В Ленинграде, в просторном и полутемном вестибюле Союза писателей на улице Воинова, почти напротив места, где его когда-то пытали, я встретился с его гробом, привезенным с Камчатки. Прах его захоронили в Комарове, неподалеку от могилы Ахматовой. Он снова стал ее соседом, теперь уже навсегда.
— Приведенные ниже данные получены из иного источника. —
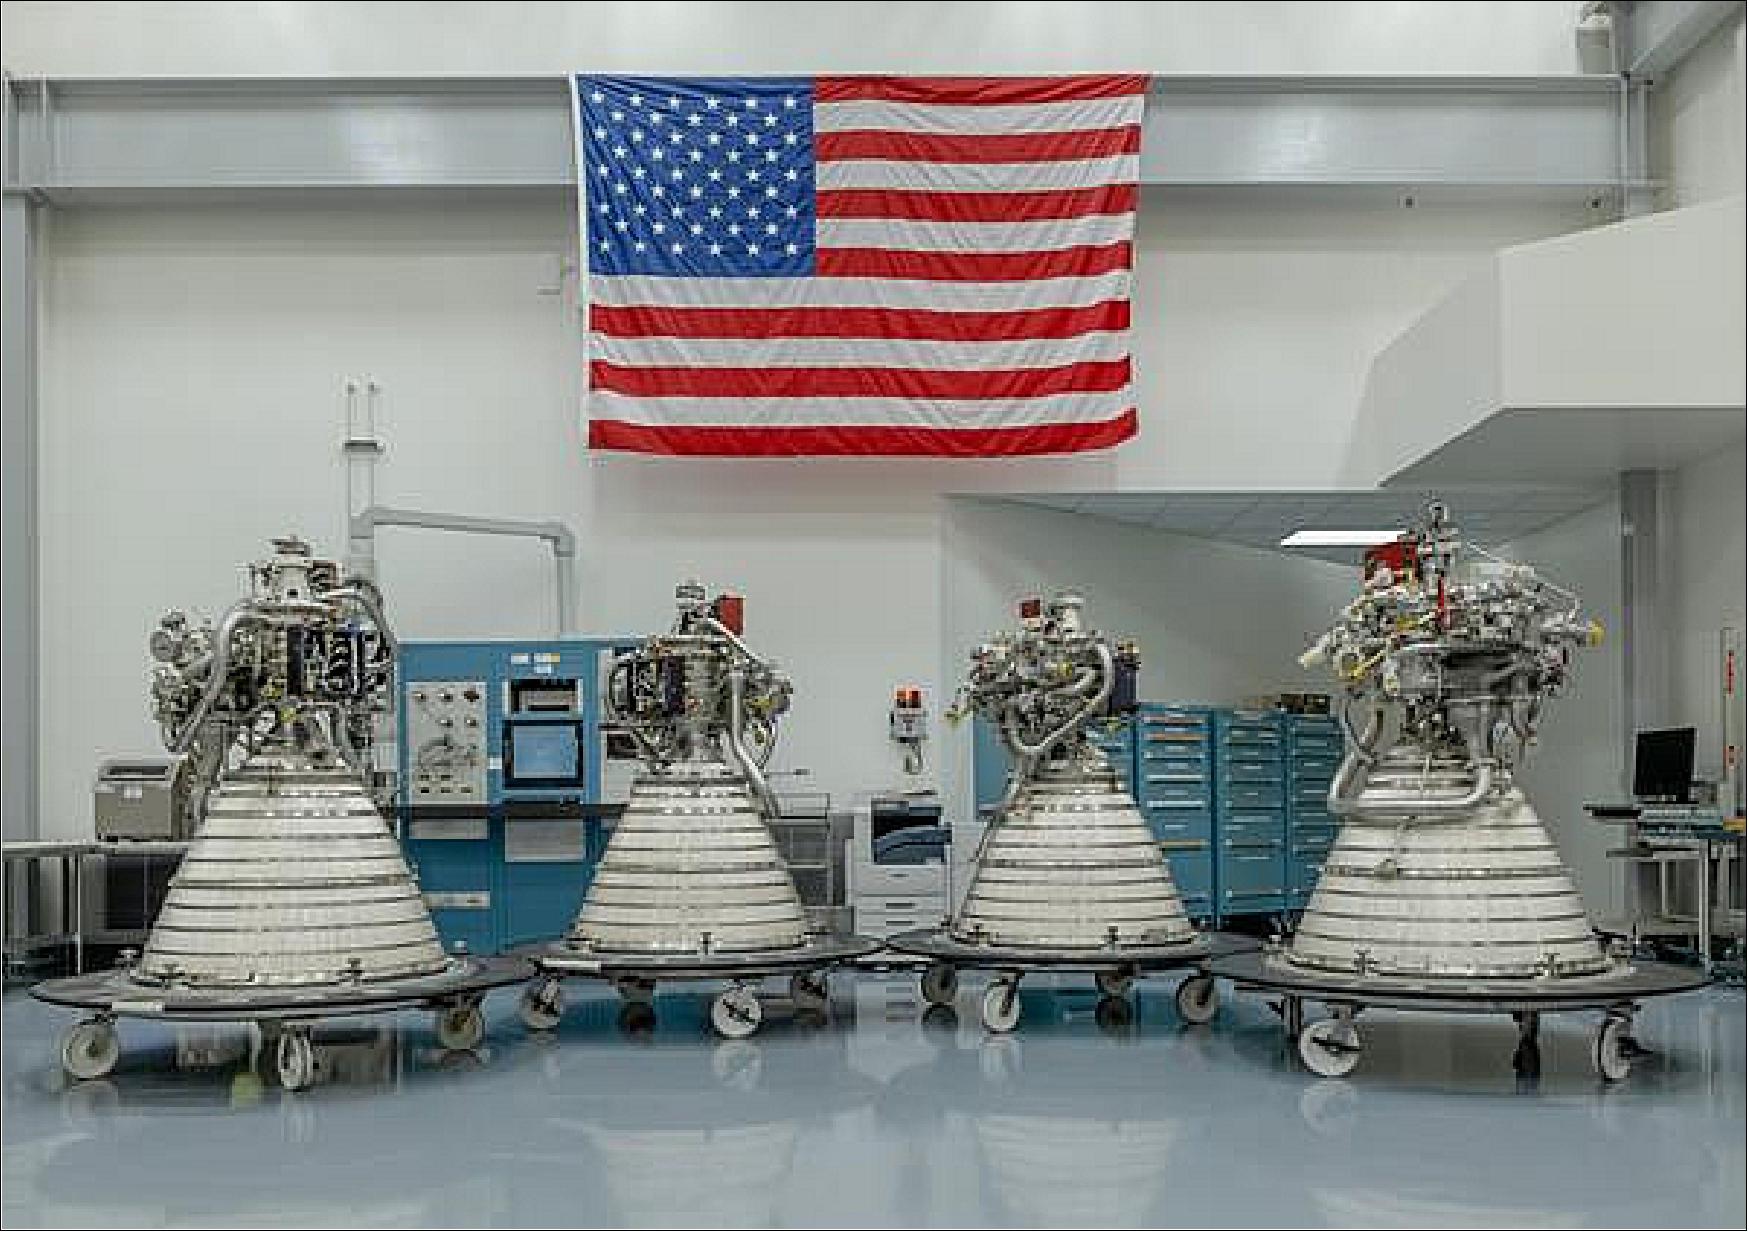 Figure 24: Four Aerojet Rocketdyne RL10 rocket engines – shown here at the company’s facility in West Palm Beach, Florida – were recently delivered to NASA. The engines will be used to help power the upper stage of the agency’s Space Launch System (SLS) rocket (image credit: Aerojet Rocketdyne)
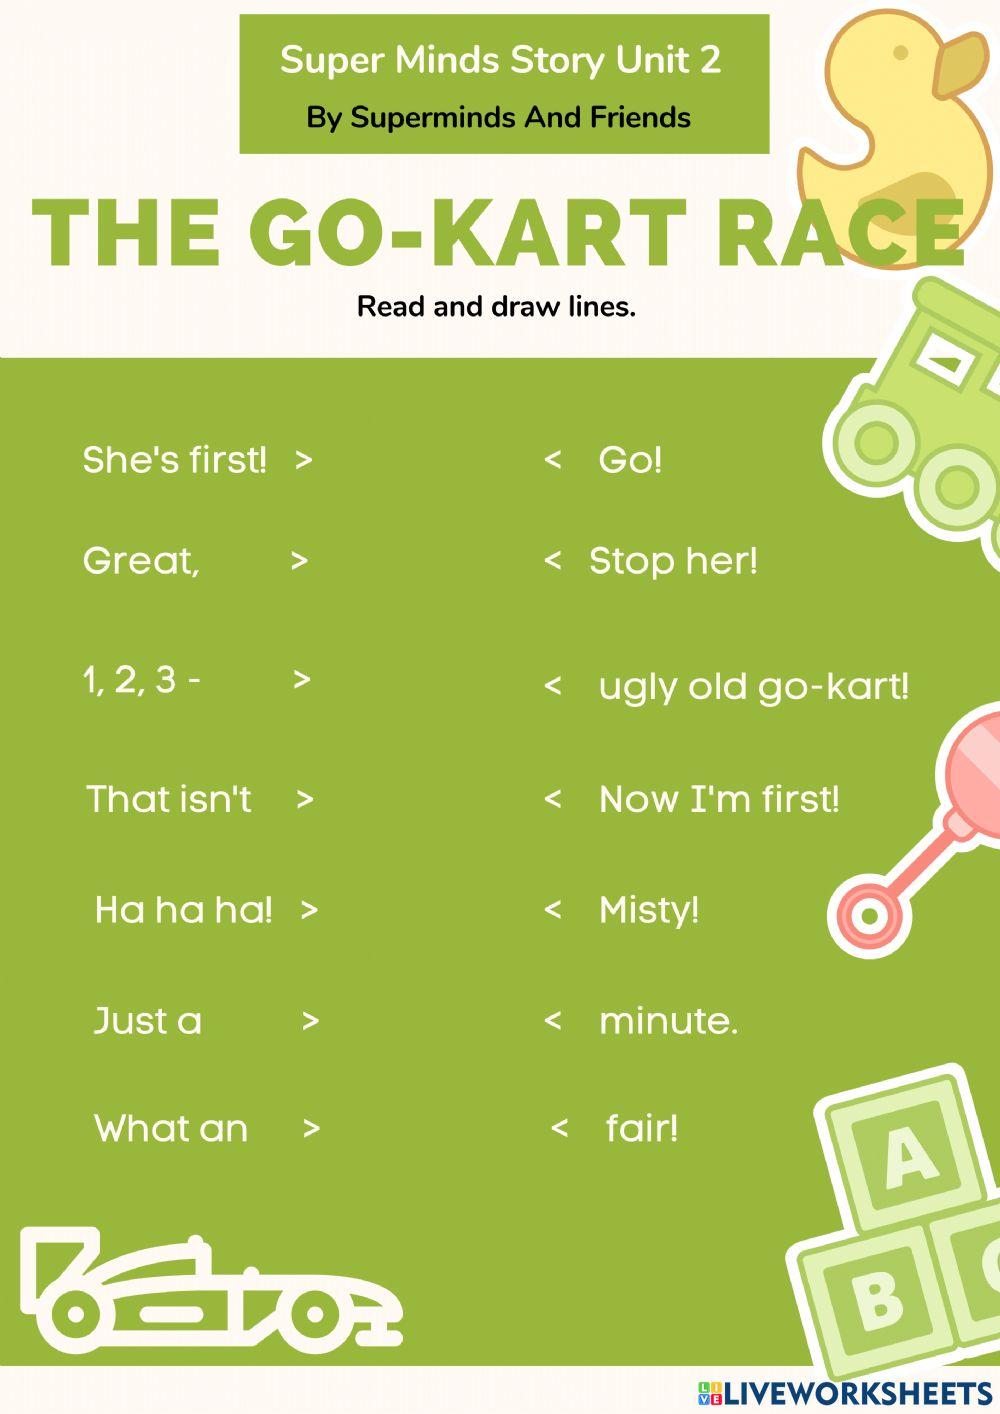 Super minds unit 2 story worksheet the go-kart race - let's play- value- fair play- cheating is wrong

Анатолий Клещенко прожил всего пятьдесят три года нелегкой и героической жизни. Уже после его смерти две книги его повестей и рассказов «Это случилось в тайге» и «Долг», и две книги стихов «Гуси летят на север» и «Добрая зависть» вышли в ленинградском отделении издательства «Советский писатель» в 1976 и 1984 годах. А вот лучшие его стихи только сейчас, с наступлением эпохи гласности, начали свой путь к читателю – горькие и непримиримые лагерные стихи, полная юношеского романтизма и сарказма поэма, посвященная его любимому герою и поэту – Франсуа Вийону, философская лирика последних лет.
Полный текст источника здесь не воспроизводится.